To board a host, chiggers climb up plant stalks and wait for something or someone to brush by. They only hang around for about four days, then drop off to complete the rest of their life cycle as upstanding members of the environment. Sometimes the skin remains irritated for a few days after the parasite has gone, but the itching that results from having microscopic quantities of your skin liquified and sucked out is incredible. To alleviate it, people have come up with all kinds 'remedies.' Paint the bumps with nail polish, pour rubbing alcohol on them, bathe in oatmeal, bathe in bleach, coat your skin in oil - you name it - someone has probably tried it.

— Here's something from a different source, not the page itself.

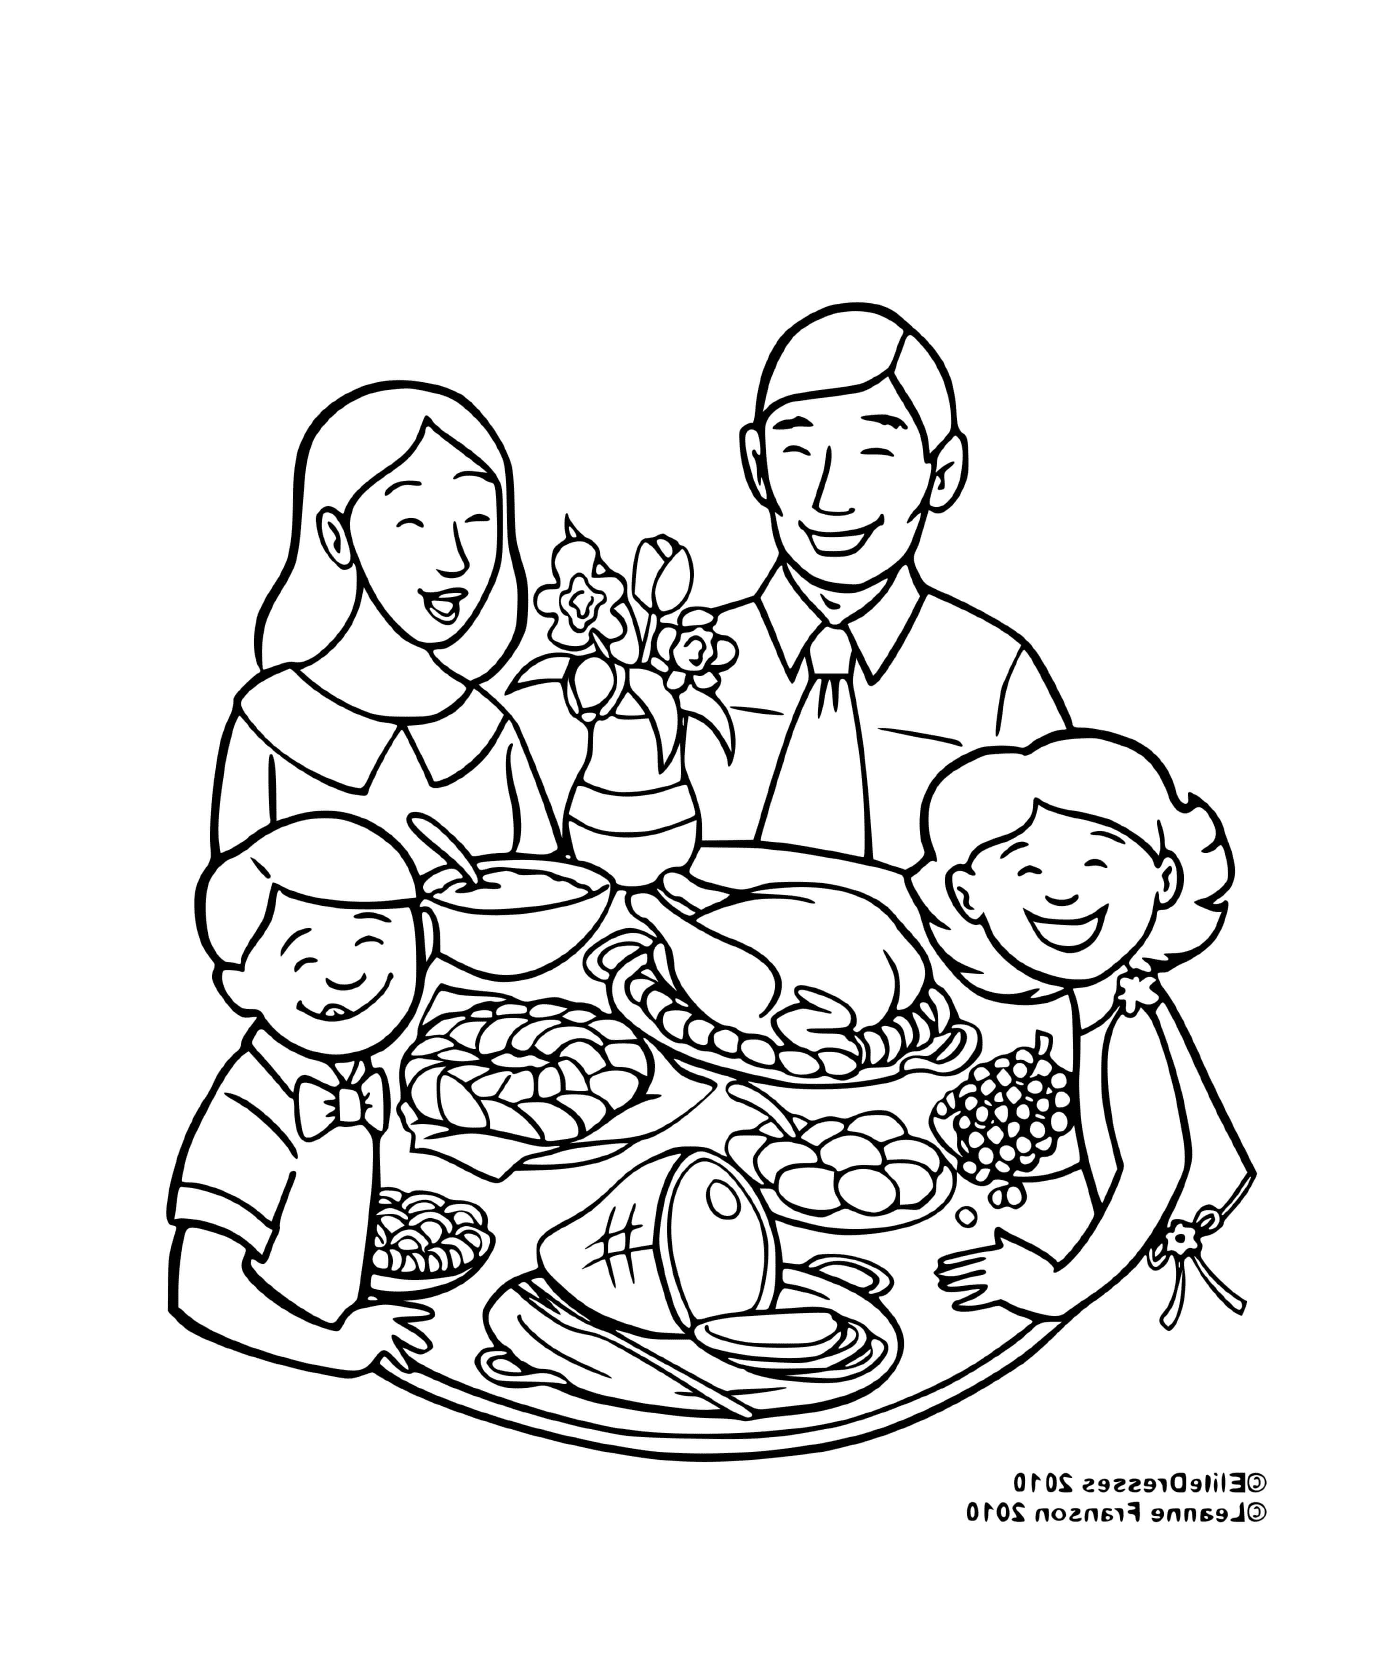  Семья, свободная для еды 
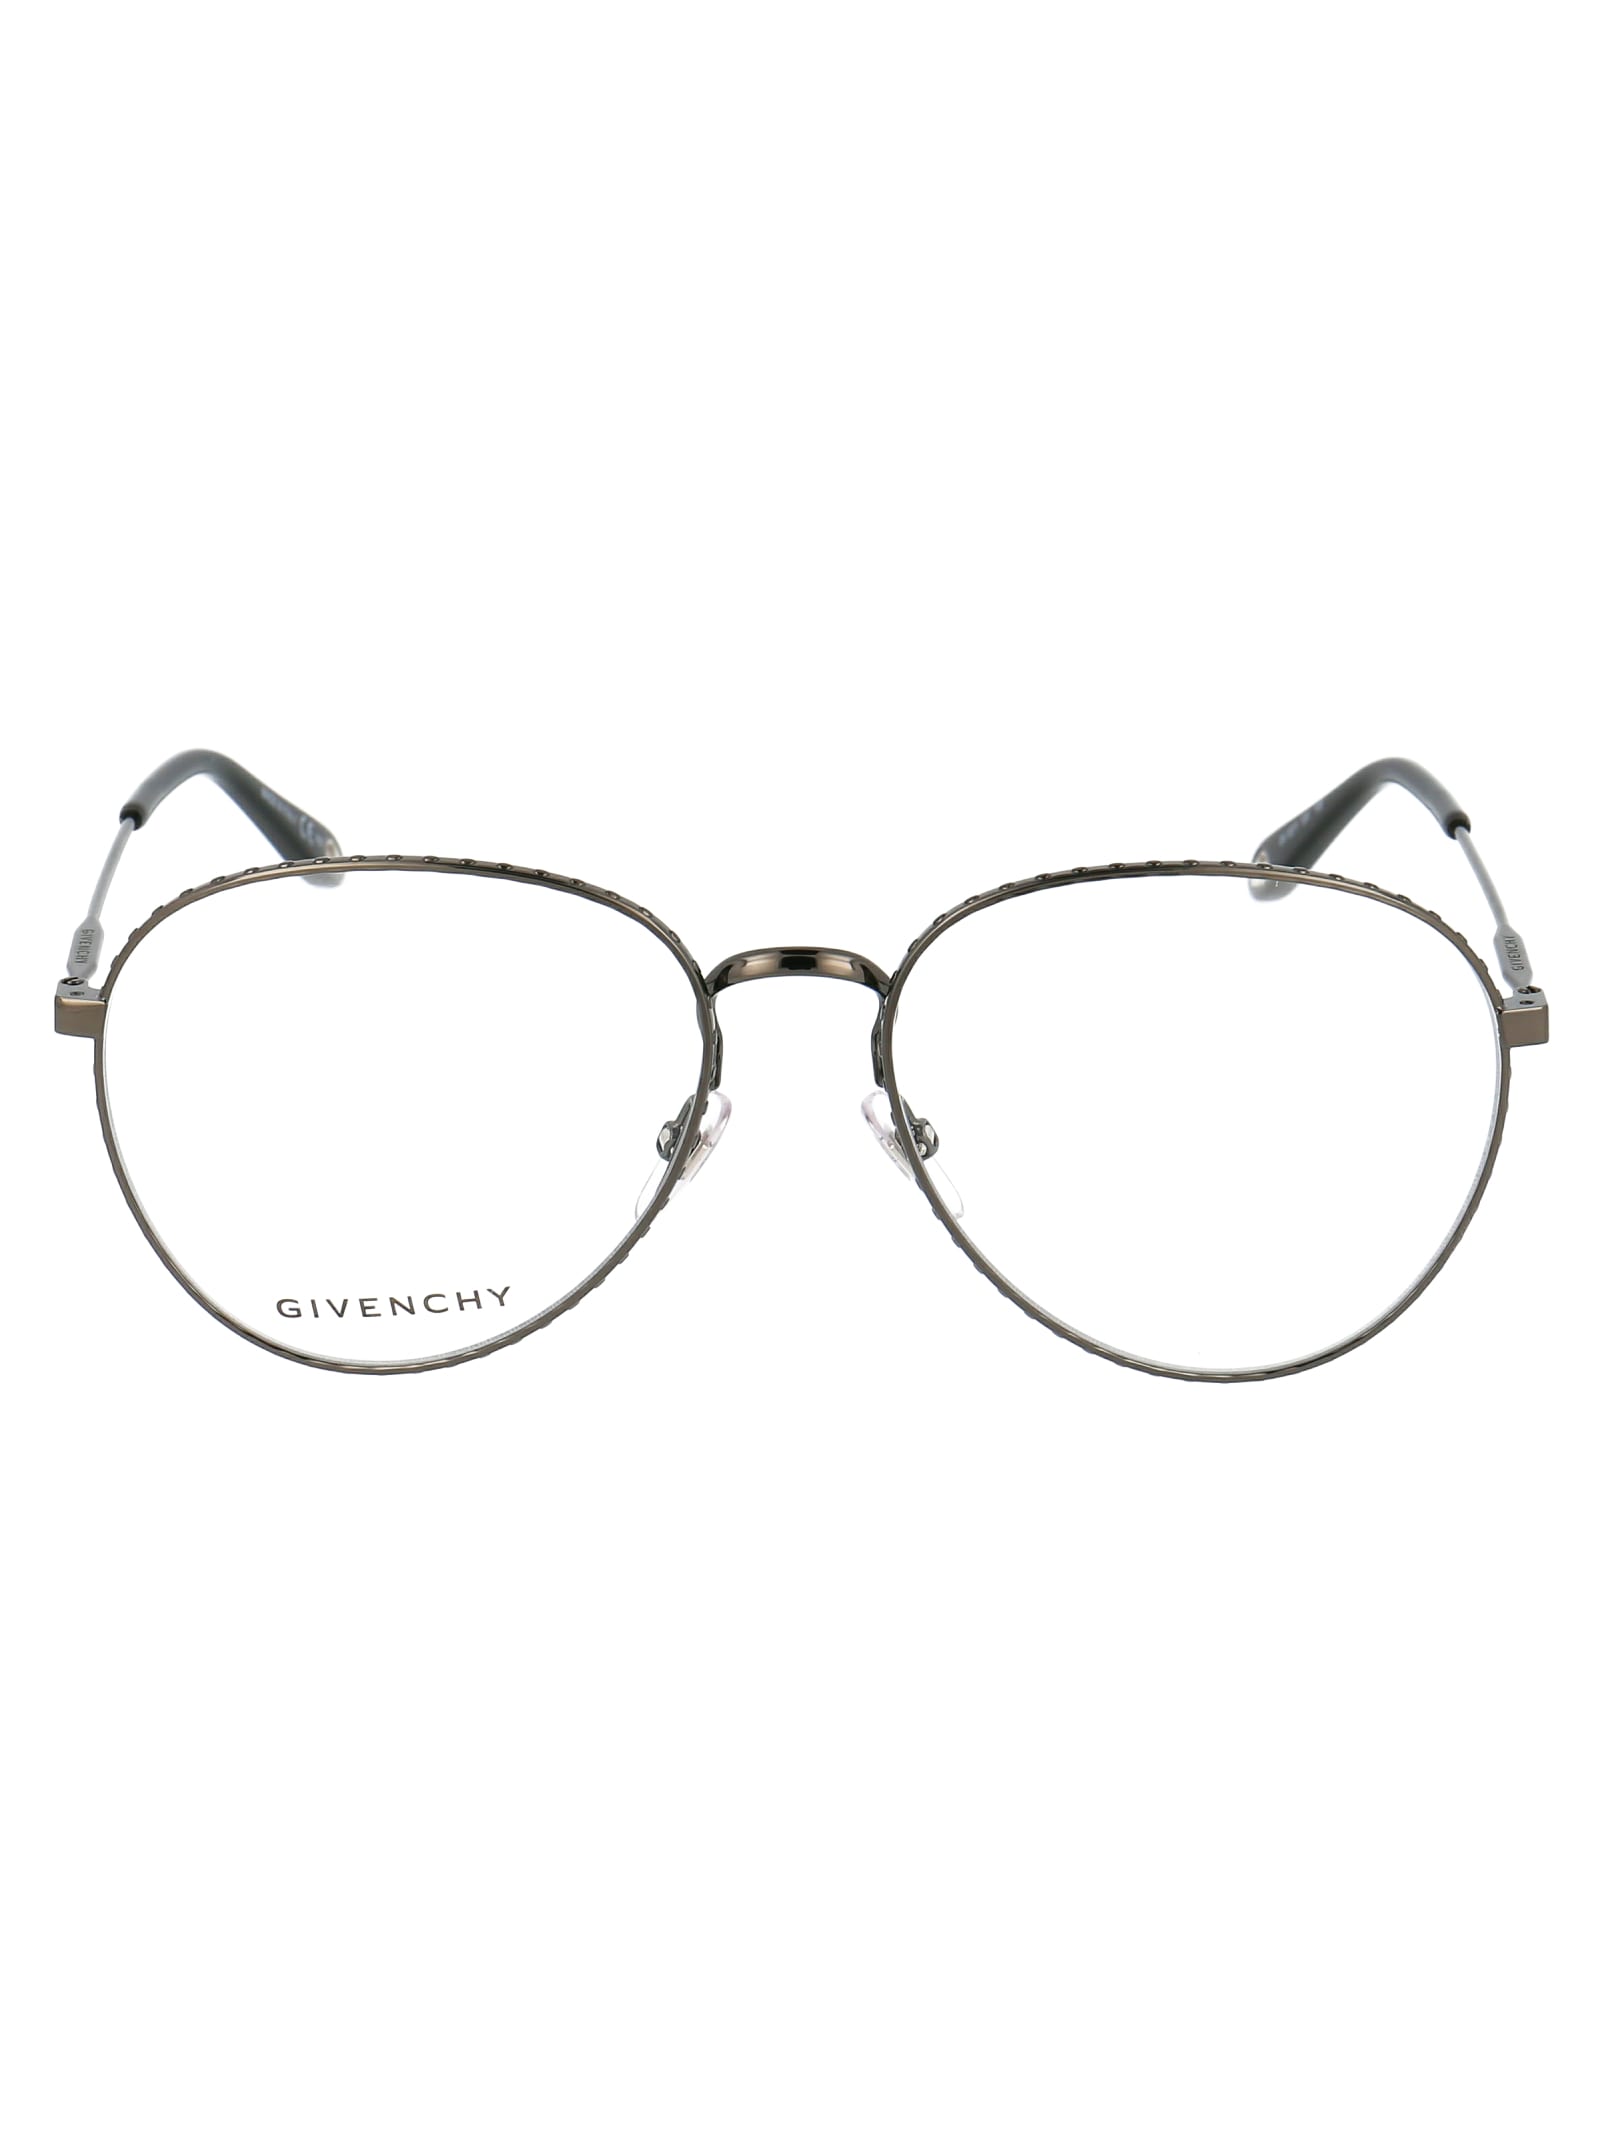 Givenchy Eyewear Gv 0071 Glasses

During my family's first days at the new house, I escaped a chigger infestation, but I have not always been so lucky. I have had my share of chigger bites. I have also tried many of the home remedies. I seem to remember a product called "Chig-a-rid" that I painted over the bumps. It definitely worked better than nail polish. Not too long ago, I took my chiggers to the dermatologist. I thought it was high time to get some professional advice and prescription-strength products. I was surprised to discover that the dermatologist's advice was to add one cup of bleach to a hot bath and soak. "You can tolerate it," she said, "They can't."